“But that might only make them regenerate—”
“We’ll figure it out!” Kase shouted, swinging at another soul and missing. The man grabbed Kase’s wrist. Kase screamed. The man’s fingers seared into his skin like fire.
Hallie’s hand shot out, her fingers glowing. “Anora van esque vral!”
The soul in front of him puffed into golden mist. His sooty fingerprints encircled Kase’s wrist, but whatever she’d done had worked.
Hallie thrust out her power, the words a chant. The trio worked their way toward where Navara had been.
“Try again, Hallie!” Skibs said. “Addmaxima!”
“Anora van esque vral maxima!” Hallie shouted.
Golden light flared out from her hands, drowning the room in brilliance.
The souls vanished into glittering mist.
Hallie fell to her knees.
Kase dropped beside her.
“No!Kase!” Skibs screamed.
He looked up to see Eravin’s glittering midnight sword arcing toward Hallie. Skibs swung the shadow sword. Missed. Kase fumbled for his own, raising it only a second beforeEravin’s sliced through Hallie’s skull. The strike vibrated through his arm and shoulder, aching horribly.
He groaned against the strain. Skibs pulled Hallie away, but Kase couldn’t get off his knees.
“Yrea va na tari!”
Golden fire blasted Eravin in the side, engulfing and knocking him sideways.
Hallie.
Kase’s sword flew from his hands. He scrambled toward it just as Eravin recovered enough to send more glittering black energy at her. Kase’s fingers gripped his shining sword, and he flung himself to his feet, launching at Eravin.
“No!”
His father’s sword, the one fabled to belong to a Yalven legend, blazed like lightning through the air, its arc aflame with searing white-gold.

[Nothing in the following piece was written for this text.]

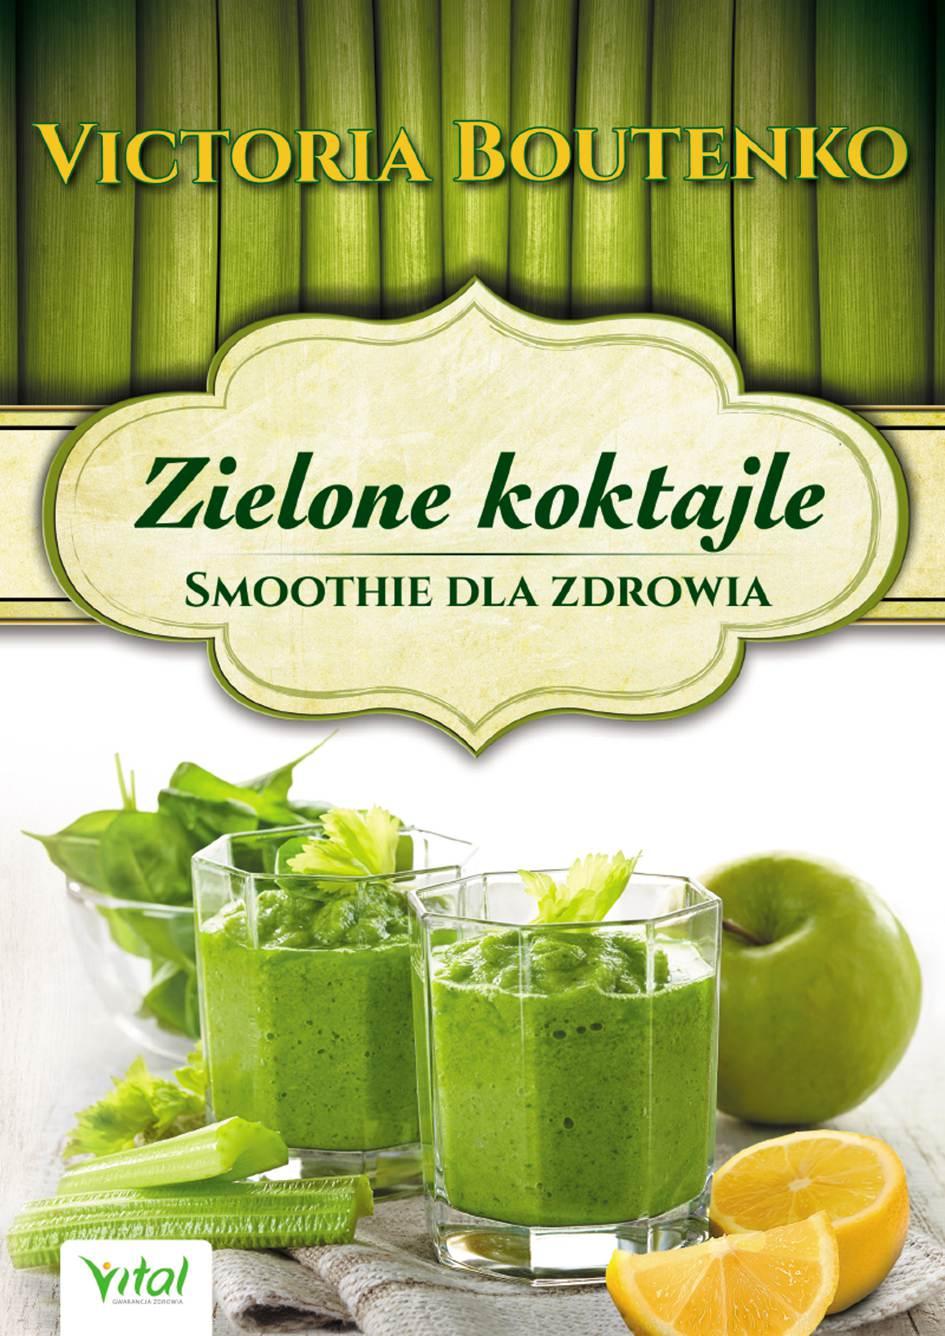 Zielone koktajle. Smoothie dla zdrowia - Ebook (Książka EPUB) do pobrania w formacie EPUB

In the second before the sword connected with his neck, Eravin turned, looking directly at Kase. His eyes were no longer solid black.
They were dark brown and unmarred.
Sad, anguished.
The shining sword sliced through muscle and sinew, bone and skin, black blood spraying Kase. It boiled. Kase screamed as it licked his skin like liquid flame. Eravin’s head rolled off his shoulders and his body collapsed forward, his blood like a night sky without stars, spilling onto the ground.
Kase fell to his knees. He dropped the sword.
Everything burned.
Everything blurred.
He couldn’t see. It had all happened so fast. His heart was going to beat out of his chest. Fire seared his insides like he’d drunk a gallon of acid. Whatever Eravin had punched him with earlier raged in his blood.
He was going to die just like his father.
A thousand memories, the worst ones, assaulted him as he knelt, his skin burning. The pain of breaking his arm when he was seven. The sickness that had taken both his grandparents. Each disappointed look from his father. A dozen near-death experiences with Eravin.